The Restaurant Read online

Page 20


  ‘I’m very sorry to hear it,’ he says. ‘You might call it good news, but we certainly don’t see it like that. We’re worried for you, Emily, both of us.’

  ‘There’s no need to worry, honestly.’

  But he will, and so will her mother, and so will everyone who recalls what happened, and there is nothing she can do about that.

  ‘I have to go,’ she says. ‘I’m making bread.’

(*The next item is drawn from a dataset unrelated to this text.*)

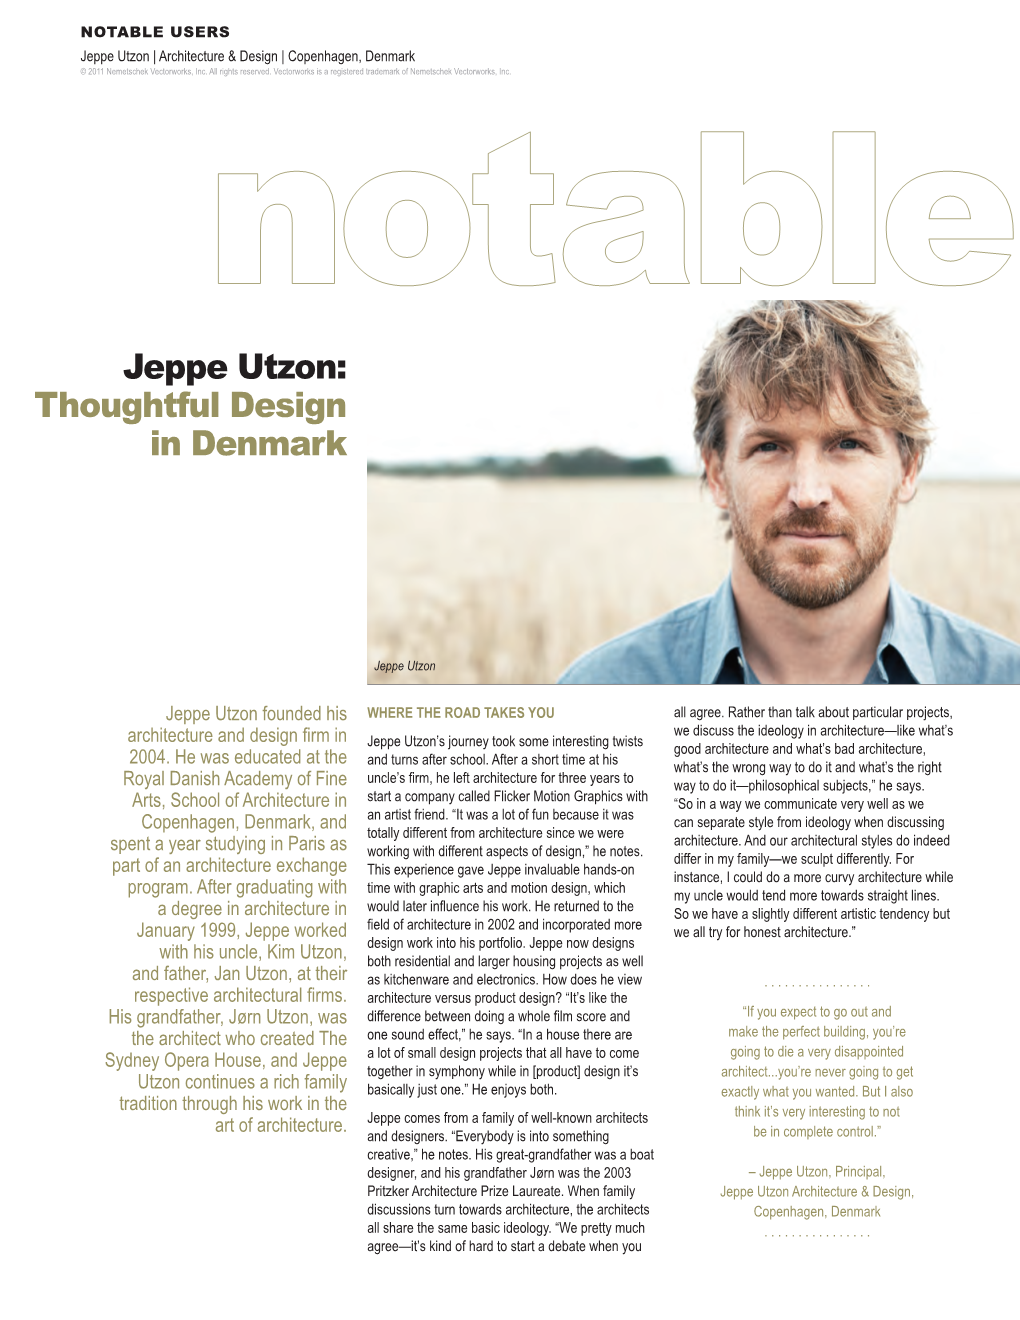 Jeppe Utzon: Thoughtful Design in Denmark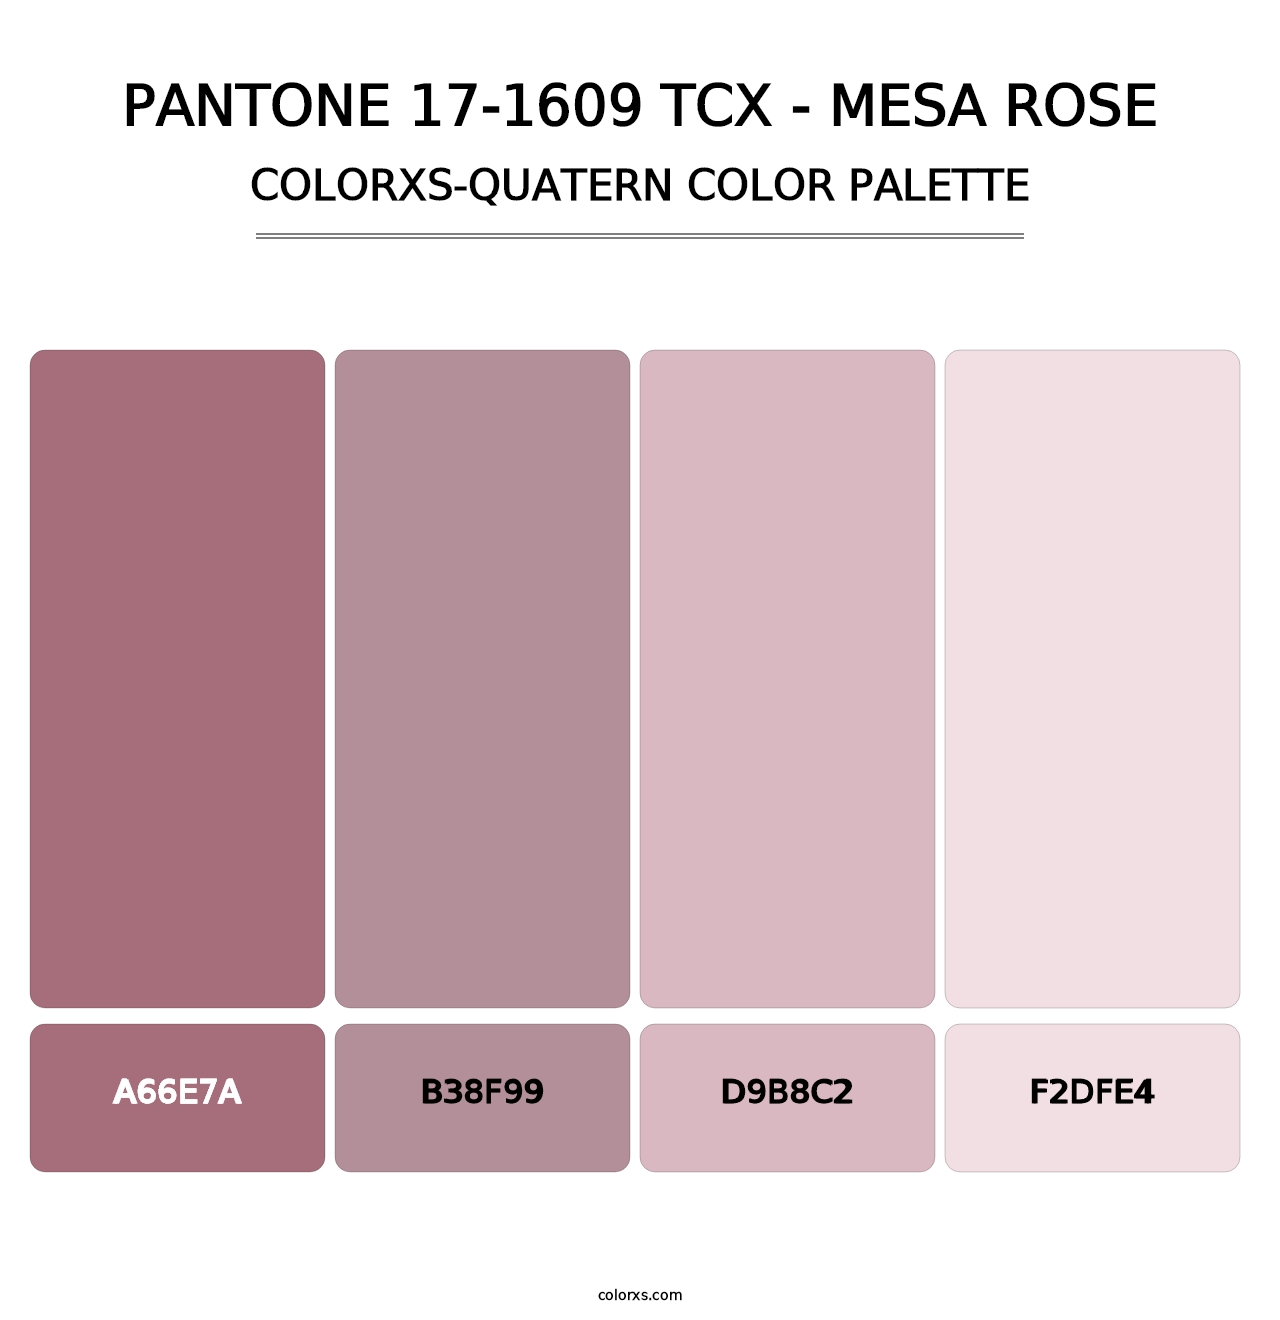 PANTONE 17-1609 TCX - Mesa Rose - Colorxs Quatern Palette

  And tomorrow is Saturday, and she’ll see him again – and now that everyone knows, they can meet wherever they want. No more secrecy, no more avoiding people who remember what happened. It’ll take a while, there will be awkward encounters, but in time people will forgive him, like she’s forgiven him.

  She kneads dough, and counts the hours till three o’clock tomorrow.

  Bill

  ‘BILL, THERE YOU ARE,’ MRS PHELAN SAYS, materialising as he’s taking off his jacket, before he’s had time to pull on his overalls. ‘We’ve had an offer of paint from that new place on the Dublin road – I sent them a letter last week.’

  He’ll bet she did. She’s coaxed free stuff from the most reluctant businesses in the town – and newcomers, eager to create a good first impression among the community, are particularly susceptible to her brand of pleading. ‘That’s good news. How much are they letting us have?’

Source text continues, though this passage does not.